Study examines adverse effects among different radiation therapies for prostate cancer
In an analysis of three different types of radiation therapy used to treat localized prostate cancer, compared with conformal radiation therapy, intensity-modulated radiation therapy (IMRT) was associated with fewer diagnoses of gastrointestinal adverse effects, hip fractures, and receipt of additional cancer treatments but more erectile dysfunction, while proton therapy was associated with more gastrointestinal adverse effects than IMRT, according to a study in the April 18 issue of JAMA, a theme issue on comparative effectiveness research.
Ronald C. Chen, M.D., M.P.H., of the University of North Carolina at Chapel Hill, presented the findings of the study at a JAMA media briefing at the National Press Club.
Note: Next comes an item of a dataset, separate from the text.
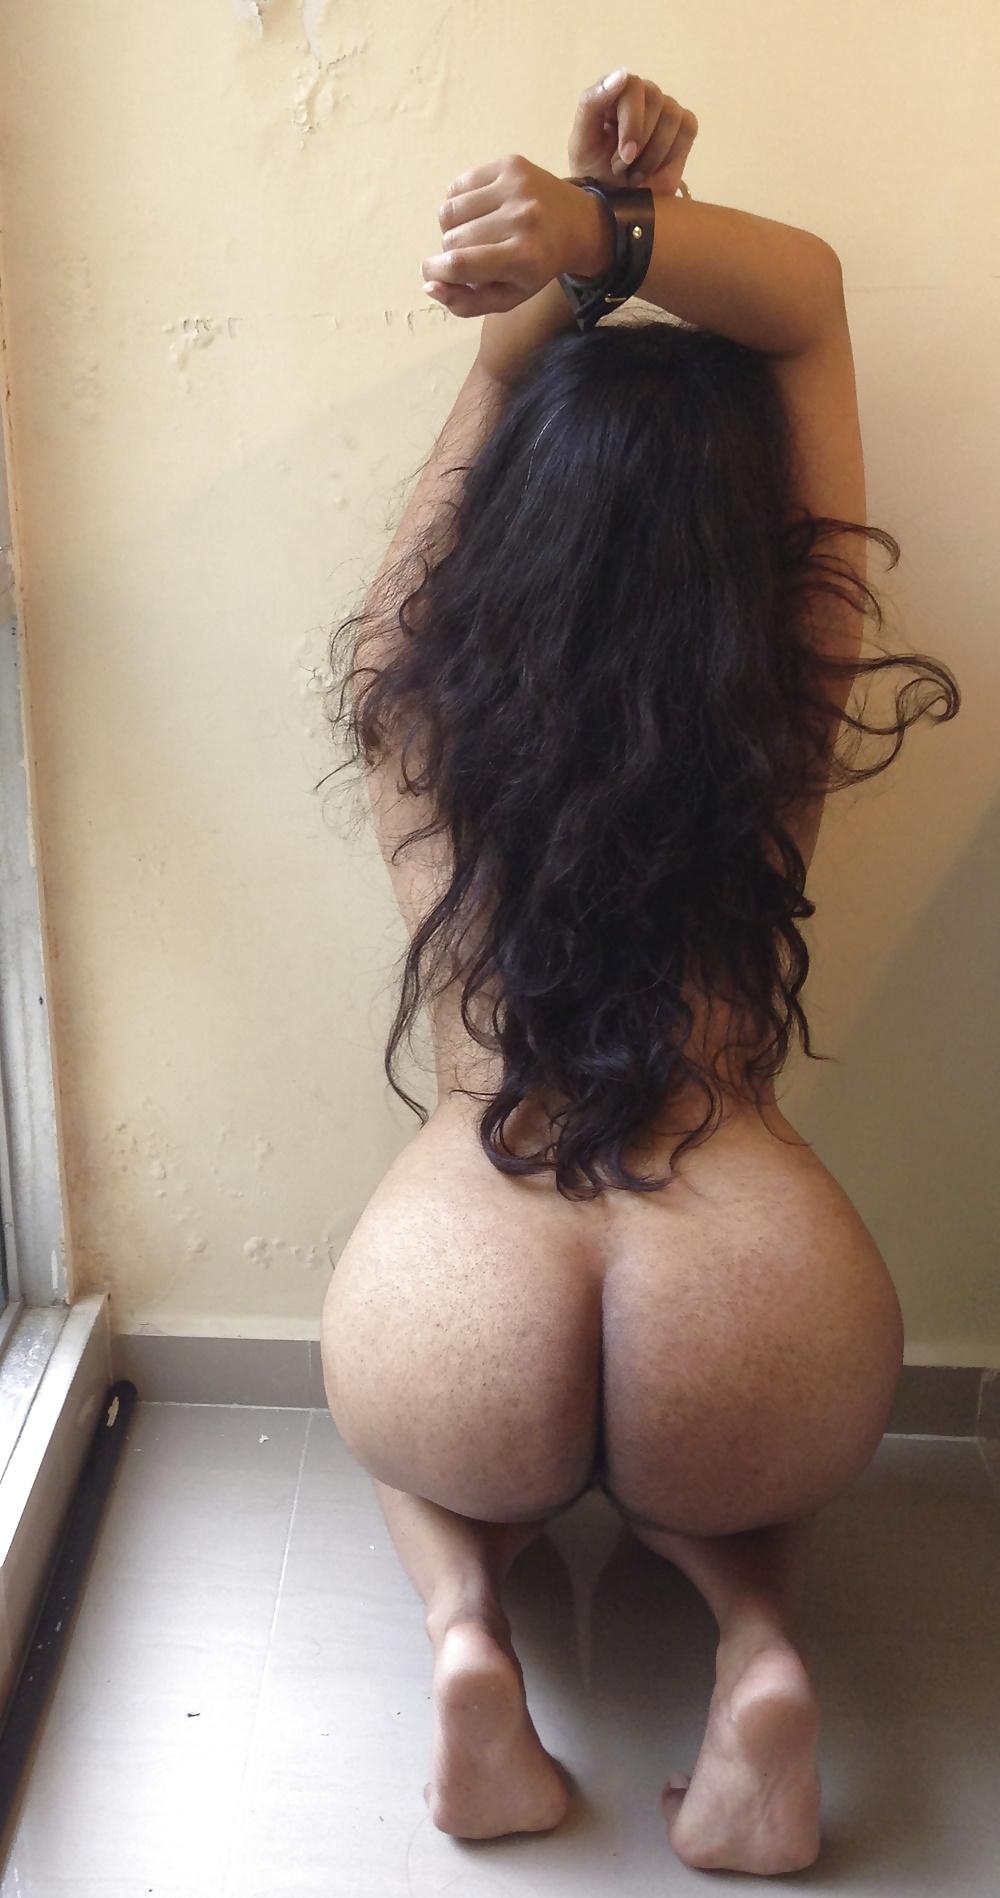 Thick ass indian girls, foto amerika latin naked girl

"Prostate cancer is the most common malignancy in men, with more than 200,000 diagnoses and 30,000 deaths per year. Recent advances in technology have led to costlier treatments such as minimally invasive radical prostatectomy, intensity-modulated radiation therapy, and proton therapy. The adoption of these technologies resulted in a $350 million increase in health care expenditures in 2005 alone," according to background information in the article. Various organizations have called for comparative effectiveness research of localized prostate cancer treatments. "The clinical benefit from these newer treatments is unproven, and comparative effectiveness research examining different radiation techniques is lacking," the authors write.
Dr. Chen and colleagues conducted a study to examine the comparative adverse effects and disease control outcomes after different radiation techniques in a recent cohort of prostate cancer patients. Specifically, the researchers compared IMRT, which has been rapidly adopted and is currently the most commonly used technique, with the older conformal radiation therapy; and compared proton therapy, the use of which also has increased, with IMRT. The population-based study used Surveillance, Epidemiology, and End Results-Medicare-linked data from 2000 through 2009 for patients with localized prostate cancer. The primary outcomes measured were rates of gastrointestinal adverse effects (such as rectal bleeding or diarrhea) and urinary adverse effects, erectile dysfunction, hip fractures, and receipt of additional cancer therapy as an indicator for disease recurrence.
The use of IMRT vs. conformal radiation therapy increased from 0.15 percent in 2000 to 95.9 percent in 2008. In the propensity-score adjusted analysis (n = 12,976), the researchers found that men treated with IMRT were less likely to receive a diagnosis of gastrointestinal adverse effects and hip fracture but more likely to receive a diagnosis of erectile dysfunction. Also, IMRT patients were nearly 20 percent less likely to receive additional cancer therapy.
In a propensity score-matched comparison between IMRT and proton therapy (n = 1,368), IMRT patients had a 34 percent lower risk of gastrointestinal adverse effects. There were no significant differences in rates of other adverse effects or additional therapies between IMRT and proton therapy.
"Proton therapy is a high-profile, high-cost prostate cancer treatment. Since 2007, multiple proton facilities have been built, and direct-to-consumer advertising is likely to lead to a substantial increase in use," the authors write. "Overall, our results do not clearly demonstrate a clinical benefit to support the recent increase in proton therapy use for prostate cancer."
The researchers add that the findings that patients receiving IMRT were less likely than those receiving conformal radiation therapy to undergo additional cancer treatments is consistent with the use of IMRT to deliver dose-escalated treatment, resulting in improved cancer control, as demonstrated by randomized trials. "Taken together, these results suggest that IMRT facilitated radiation dose escalation without compromising acceptable long-term morbidity."
"Comparative effectiveness research in localized prostate cancer treatments is needed because of the large number of men with this disease and the continued trend of a rapid increase in use of newer and costlier treatments with unproven clinical benefit," the authors write.
More information: JAMA. 2012;307:1611-1620.